Carrier scattering considerations and thermoelectric power factors of half-Heuslers

Abstract

The electronic and thermoelectric (TE) transport properties of 13 n-type and p-type half-Heusler alloys are computationally examined using Boltzmann transport. The electronic scattering times resulting from all relevant phonon interactions and ionized impurity scattering (IIS) are fully accounted for using ab initio extracted parameters. We find that at room temperature the average peak TE power factors (PFs) of all materials we examine reside between 5 and 10 mW mK⁻². We also find that the combination of IIS and the long range polar optical phonon (POP) scattering is more influential in determining the electronic transport and PF over all other non-polar phonon interactions (acoustic and optical phonon transport).

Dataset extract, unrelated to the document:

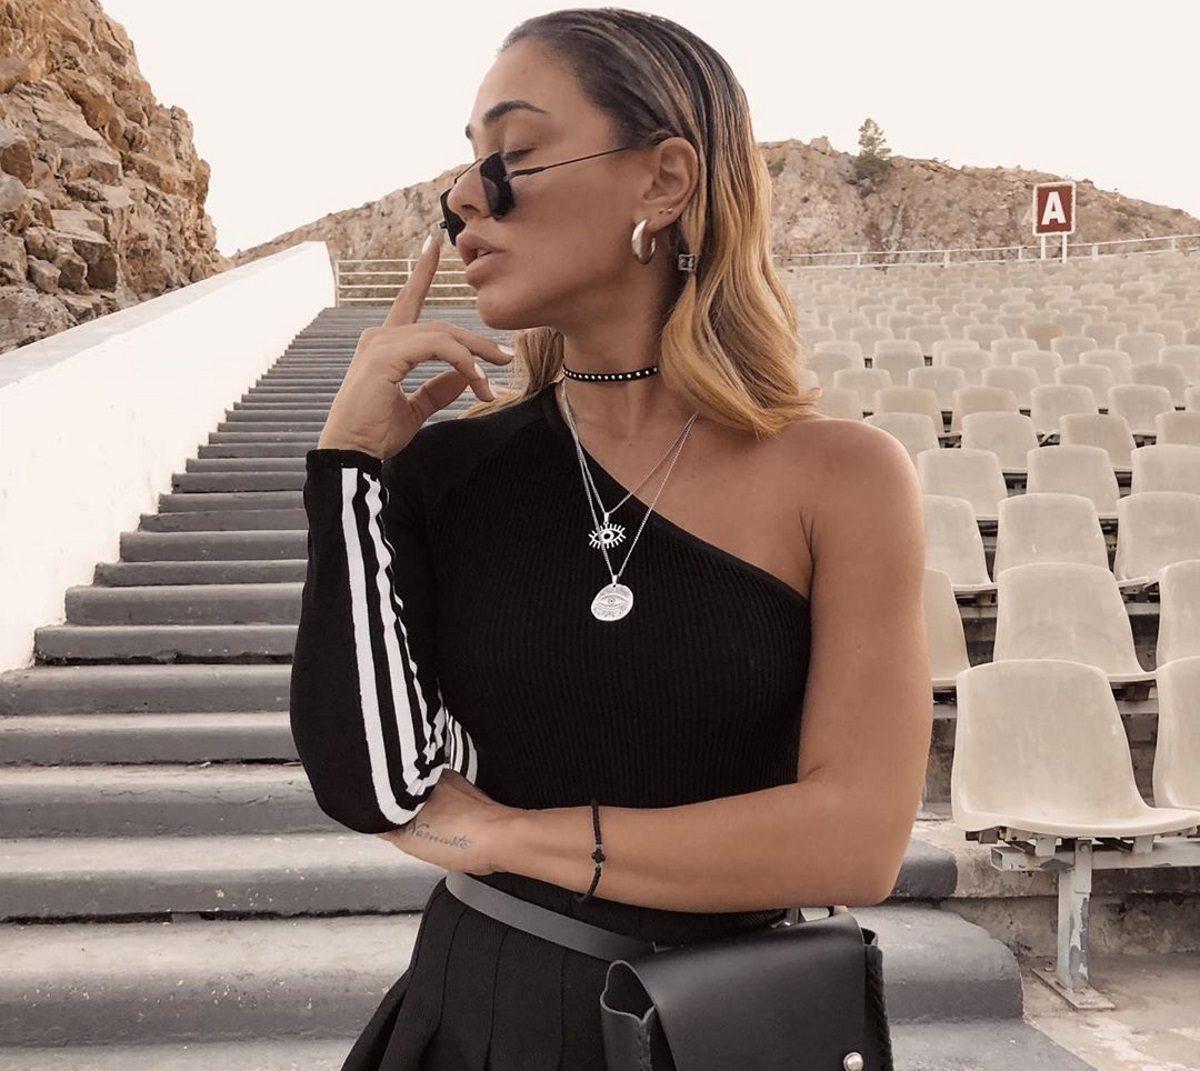 Κόνι Μεταξά: Το απίστευτο κορμί που έφτιαξε με σκληρές προπονήσεις και ο νέος έρωτας στη ζωή της [pics,vids] | tlife.gr
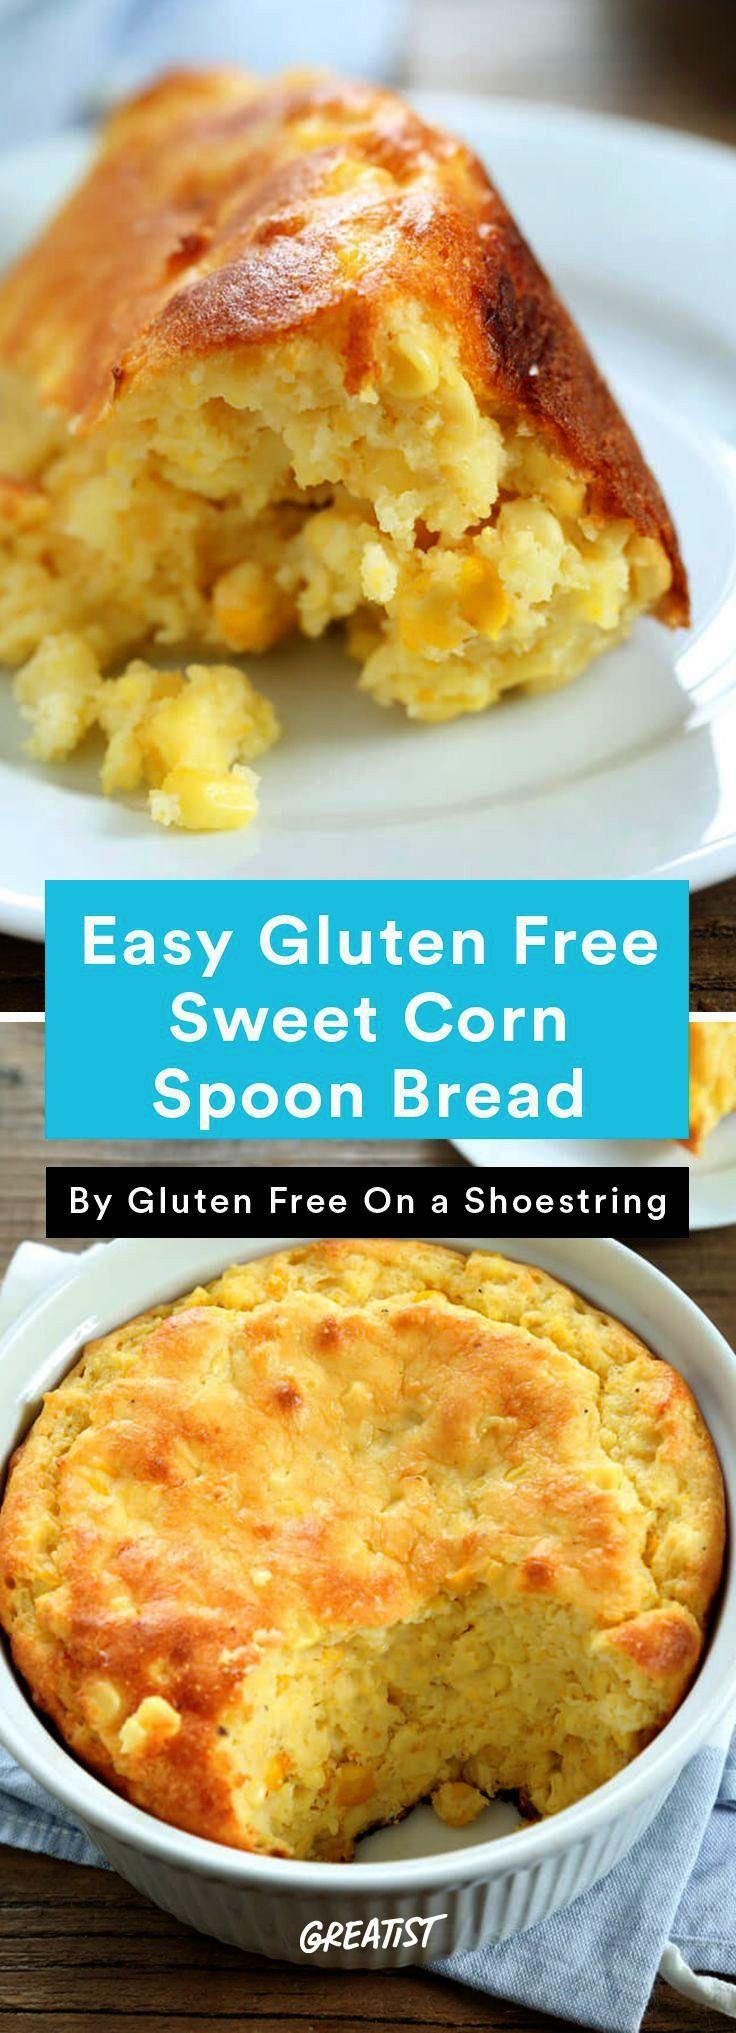 Gluten Free Desserts Houston without Easy Gluten Free

In fact, the combination of POP and IIS determines the thermoelectric power factor of the half-Heuslers examined on average by about 65%. The results highlight the crucial impact of Coulombic scattering processes (POP and IIS) on the TE properties of half-Heusler alloys and provide profound insight for understanding transport, which can be applied widely in other complex bandstructure materials. In terms of computation expense, the computationally cheaper POP and IIS provide an acceptable first-order estimate of the power factor of these materials, while the non-polar contributions, which require more expensive ab initio calculations, could be of secondary importance.